To do → Word for word, retype the lines from the one containing "Whole wheat bread" to the one containing "Раскраска Баскетболист, хоккеист" below, keeping both end lines and dropping the pictures.

Supplied data →
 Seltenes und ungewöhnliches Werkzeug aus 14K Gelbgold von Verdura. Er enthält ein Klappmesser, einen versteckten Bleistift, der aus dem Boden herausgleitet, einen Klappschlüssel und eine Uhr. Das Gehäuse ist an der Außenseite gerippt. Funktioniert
* * *
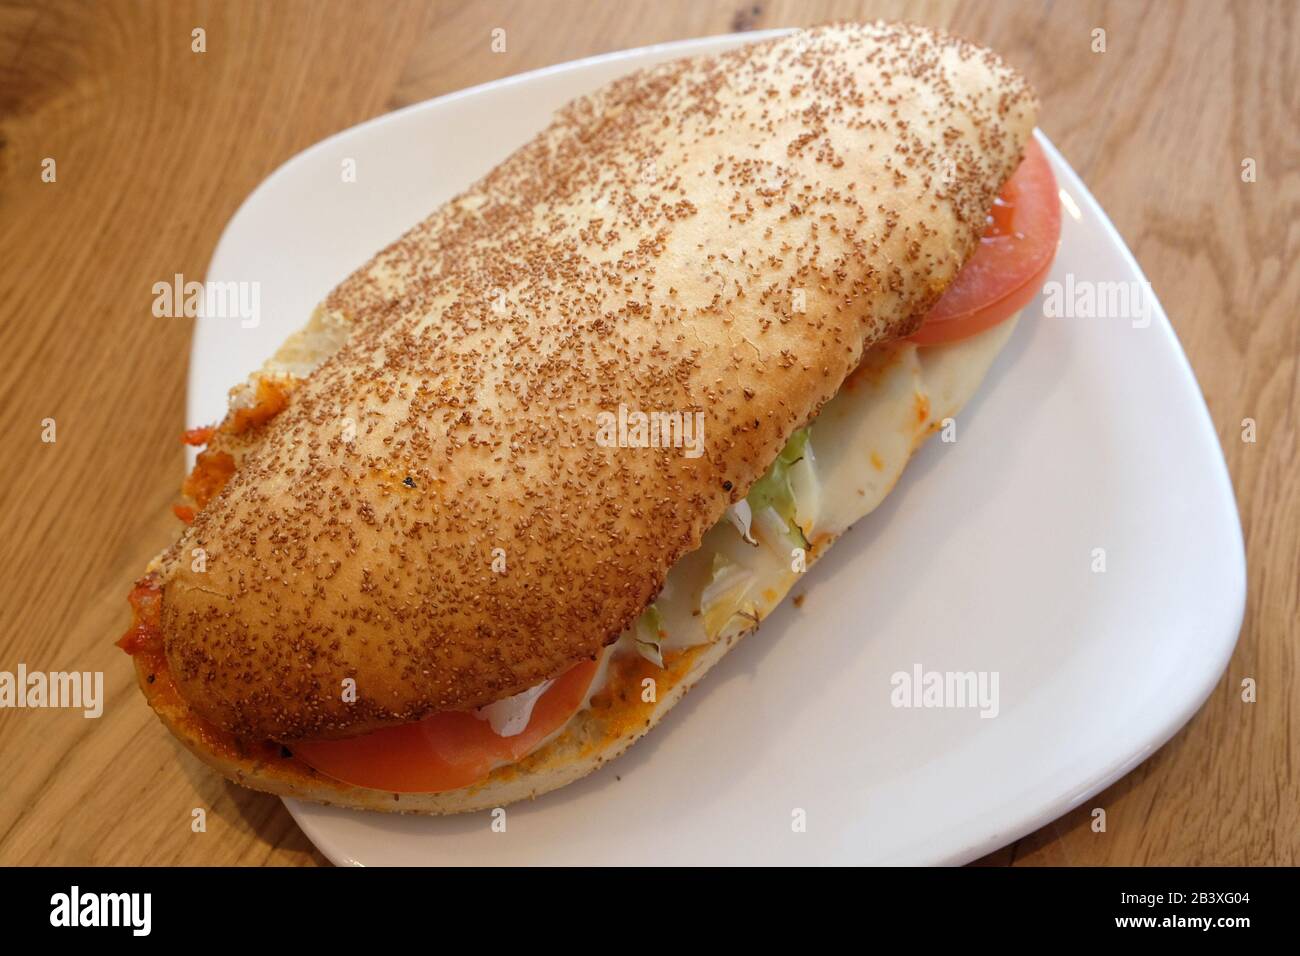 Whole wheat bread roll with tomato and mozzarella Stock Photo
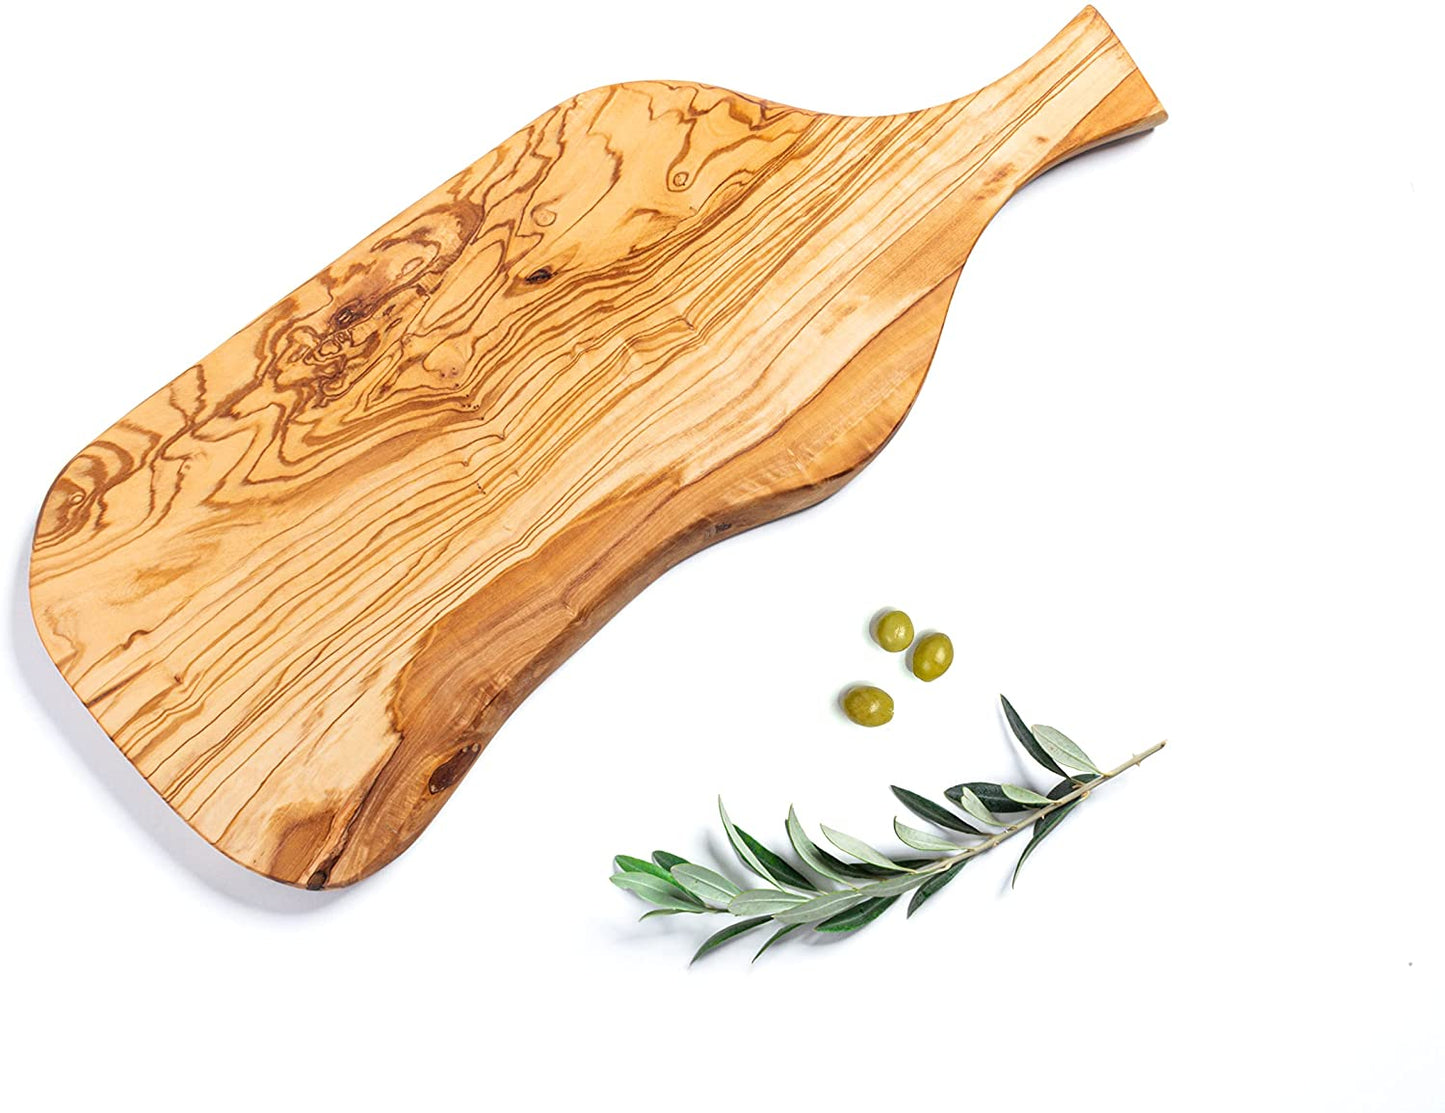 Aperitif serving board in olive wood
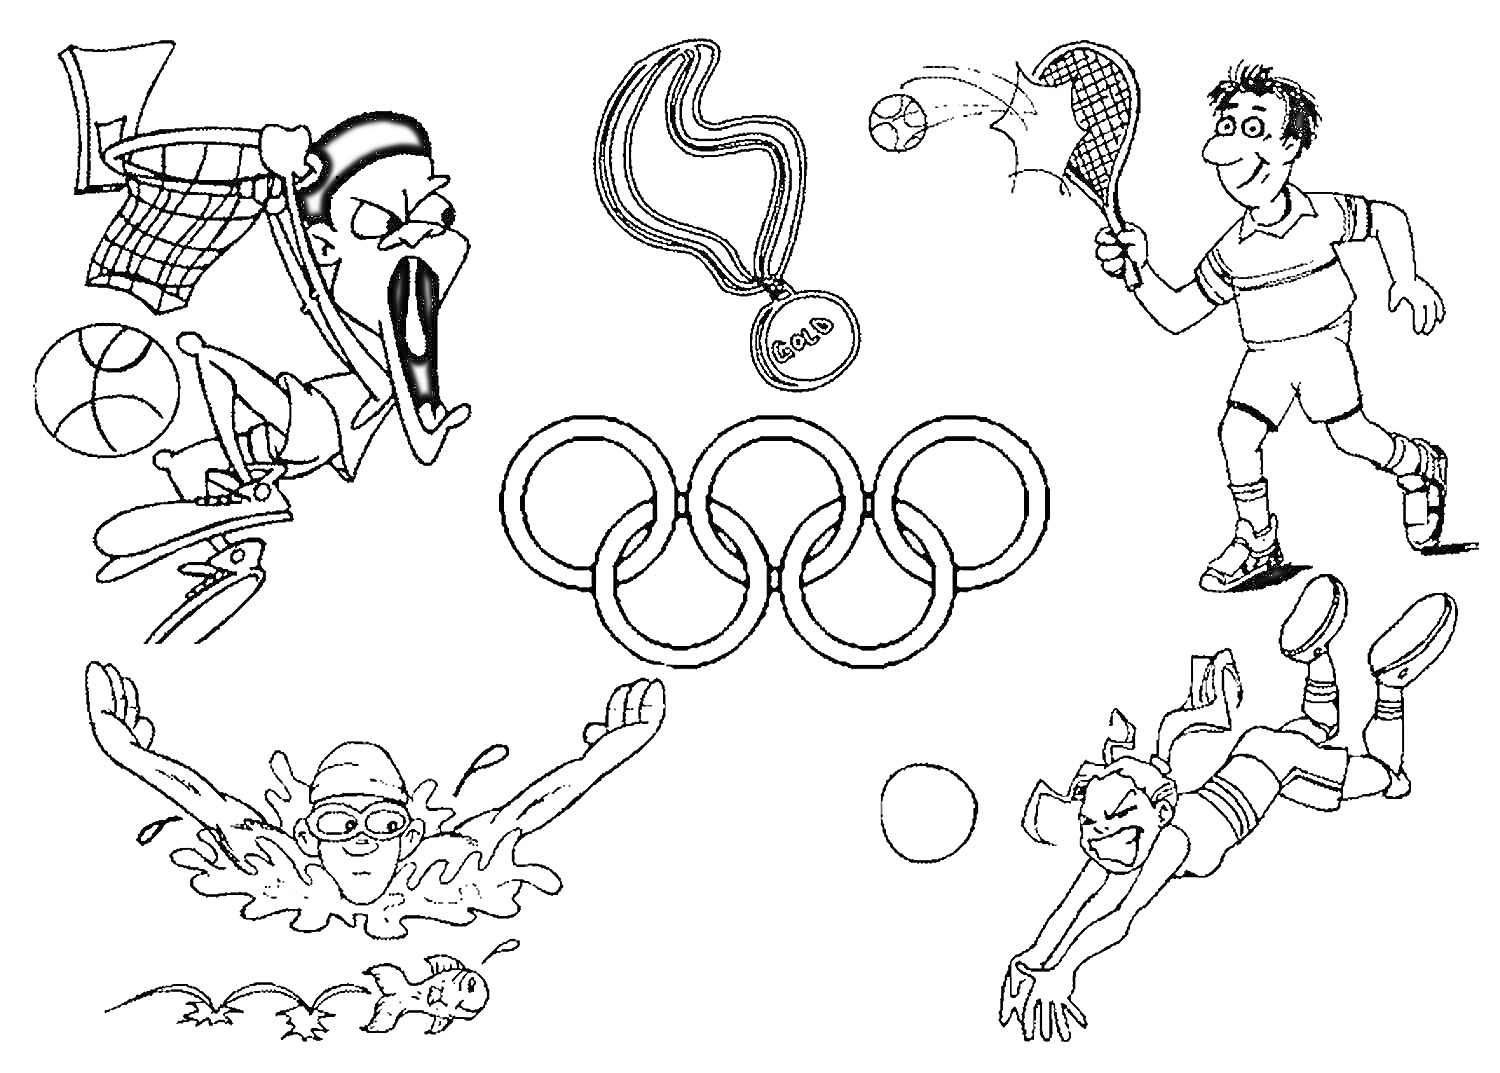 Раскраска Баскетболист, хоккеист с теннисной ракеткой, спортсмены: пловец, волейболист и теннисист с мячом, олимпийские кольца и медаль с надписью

Task result →
 Whole wheat bread roll with tomato and mozzarella Stock Photo
 Aperitif serving board in olive wood
 Раскраска Баскетболист, хоккеист с теннисной ракеткой, спортсмены: пловец, волейболист и теннисист с мячом, олимпийские кольца и медаль с надписью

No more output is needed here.